Contrairement à une idée reçue, la Chine pourrait renoncer aux routes de la soie pour des motifs géostratégiques quel que soit le montant de ses investissements. Elle l’a déjà fait par le passé. Elle avait pensé ouvrir une route de la soie maritime au XVème siècle, avait envoyé à la tête d’une formidable armada l’amiral Zheng He, « l’eunuque aux trois joyaux », jusqu’en Afrique et au Moyen-Orient, avant de se retirer et de saborder sa gigantesque flotte pour ne plus revenir.
Le secrétaire d’État Mike Pompeo s’est rendu en plein confinement en Israël. Il a tenté de convaincre les deux futurs Premiers ministres, Benjamin Netanyahu (colonialiste juif) et son adjoint et néanmoins adversaire le général Benny Gantz (nationaliste israélien), d’interrompre les investissements chinois chez eux [3]. Les sociétés chinoises contrôlent déjà la moitié du secteur agricole israélien et devraient assurer dans les prochains mois 90 % de ses échanges commerciaux. Mike Pompeo devrait identiquement s’attacher à convaincre le président égyptien, Abdel Fattah el-Sissi. En effet, le canal de Suez et les ports israéliens d’Haïfa et d’Ashdod devaient être les terminaux de la route moderne de la soie en Méditerranée.
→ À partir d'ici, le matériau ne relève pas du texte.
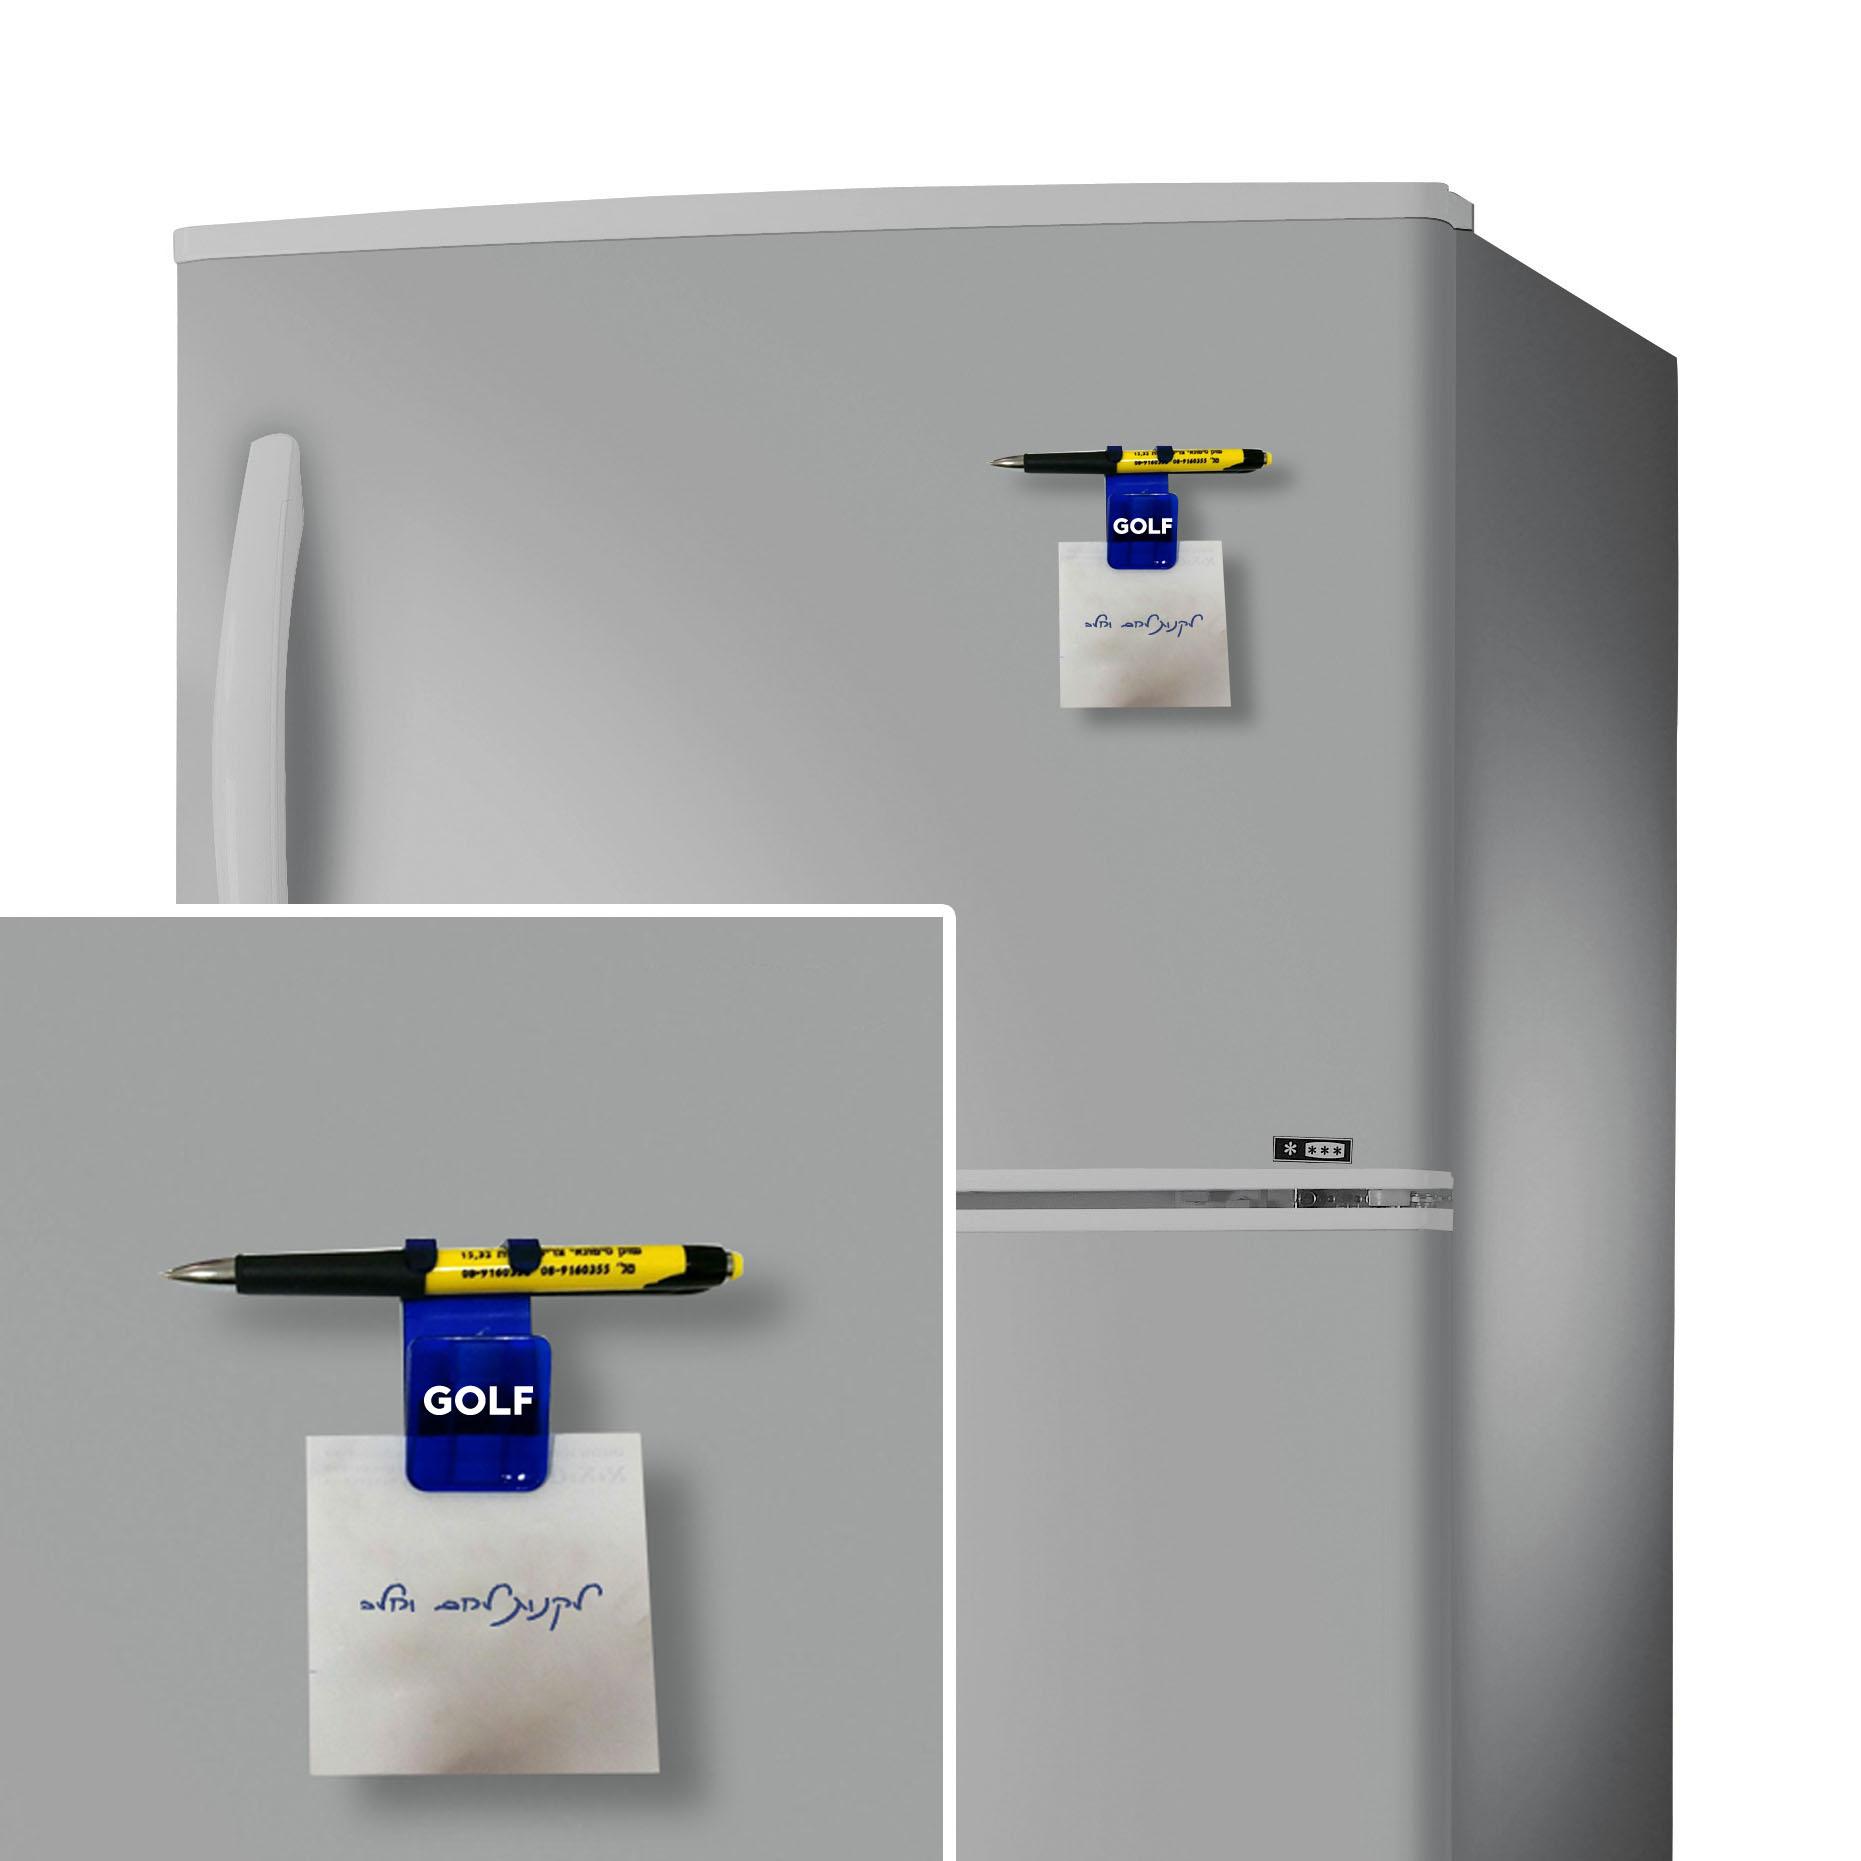 מתקן ממו מגנט למקרר

Après diverses tentatives, la Chine a évalué l’instabilité de l’Iraq, de la Syrie et de la Turquie et a renoncé à les traverser. Un accord tacite a été conclu entre Washington et Moscou pour laisser une poche djihadiste, n’importe où à la frontière syro-turque, afin de décourager les investissements chinois dans cette zone. Moscou entend fonder son alliance avec Beijing sur des routes de la soie traversant son propre territoire et non pas les pays occidentaux. C’est le projet du « Grand partenariat eurasiatique » du président Vladimir Poutine [4].
On en revient inlassablement au même dilemme (« le piège de Thucydide ») : face à la montée d’une nouvelle puissance (la Chine), la puissance dominante (les États-Unis) doit soit lui livrer une guerre (comme Sparte face à Athènes), soit céder un espace au nouveau venu, c’est-à-dire accepter la division du monde.